-
Notifications
You must be signed in to change notification settings - Fork 169
Description
Description
Recently, for native libraries, we introduced a change to interact with the files via indexinput and indexoutput. With this, we should be able to remove our custom compoundformat in our codec (see #2185).
However, when removing it, we get an error like:
Caused by: org.apache.lucene.index.CorruptIndexException: compound sub-files must have a valid codec header and footer: codec header mismatch: actual header=1232620912 vs expected header=1071082519 (resource=BufferedChecksumIndexInput(MemorySegmentIndexInput(path="/Users/jmazane/workspace/Opensearch/DockerRunner/k-NN-1/build/testclusters/integTest-0/data/nodes/0/indices/6zG12XzjQLaWyWiAL_OFaQ/0/index/_0_165_test_nested.test_vector.faiss")))
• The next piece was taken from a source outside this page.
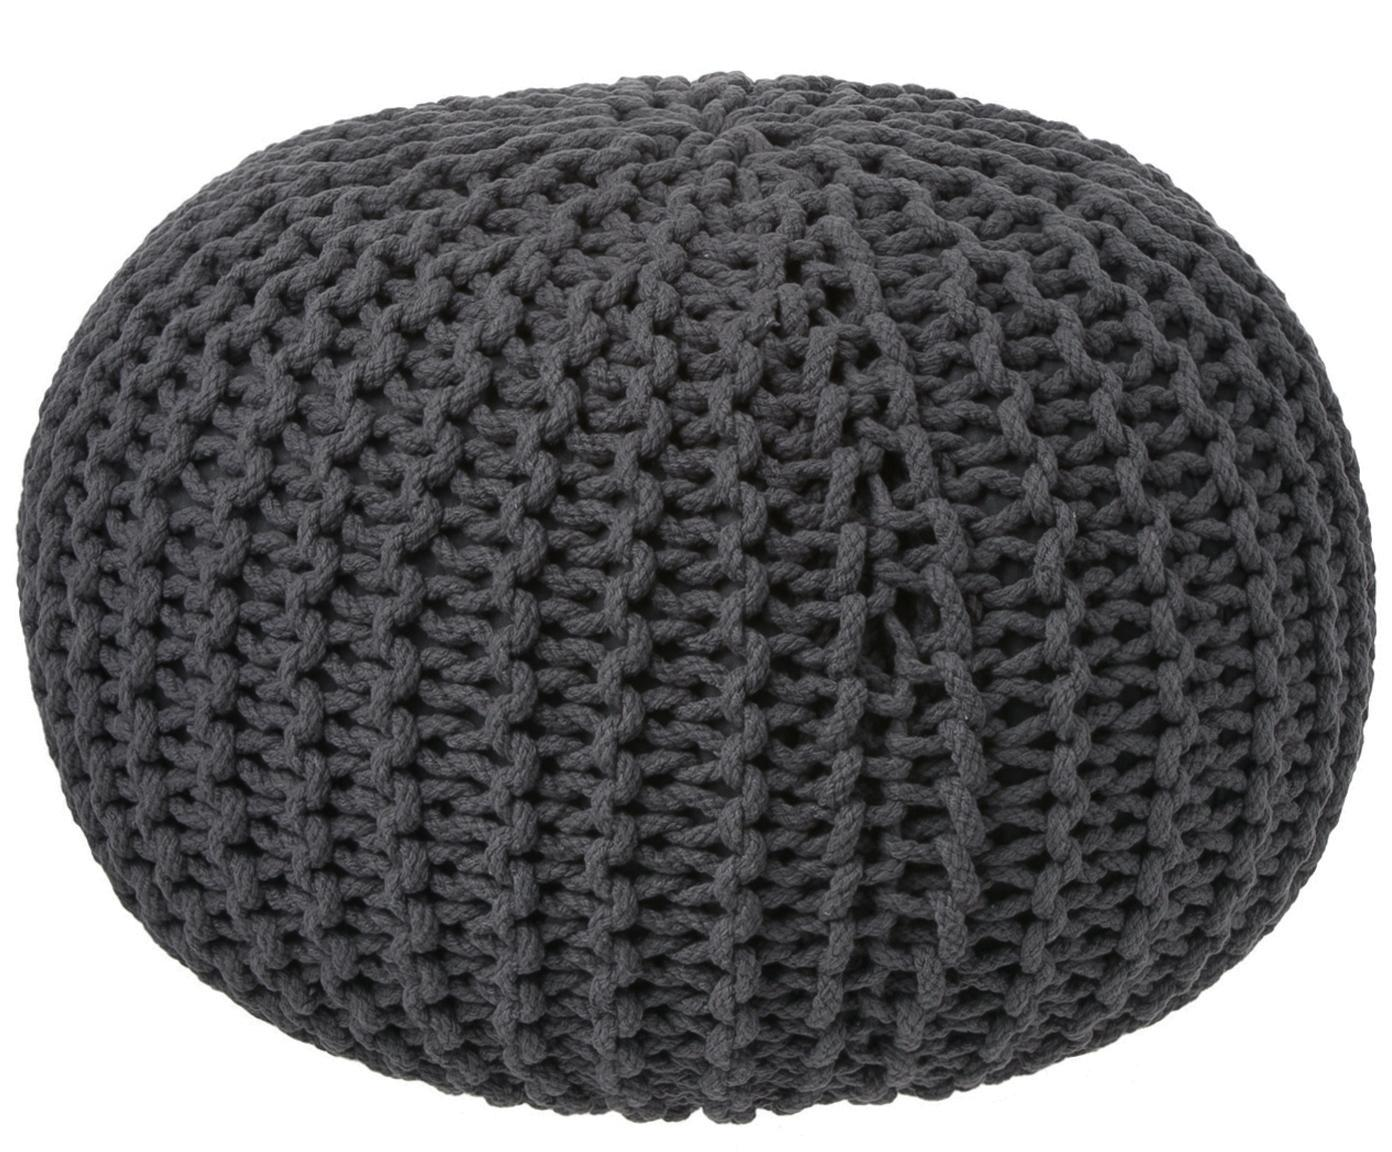 Handgefertigter Strickpouf Dori, Bezug: 100% Baumwolle, Dunkelgrau, Ø 55 x H 35 cm

at org.apache.lucene.codecs.CodecUtil.verifyAndCopyIndexHeader(CodecUtil.java:287) ~[lucene-core-10.1.0.jar:10.1.0 884954006de769dc43b811267230d625886e6515 - 2024-12-17 16:15:44]
This is because for the native index files we write a footer but no header: https://github.com/opensearch-project/k-NN/blob/main/src/main/java/org/opensearch/knn/index/codec/nativeindex/NativeIndexWriter.java#L141-L150. See CompoundFormat interface: https://github.com/apache/lucene/blob/main/lucene/core/src/java/org/apache/lucene/codecs/CompoundFormat.java#L41-L45.
We should get rid of the CompoundFormat so we can move towards just extending the PerFieldVectorFormat. To do this, we need to write the header, and make sure to read it before forwarding on the output to the underlying libraries.
From a bwc perspective, for old codecs, we will need to keep around the old CompoundFormat. But we should be able to remove on new codecs.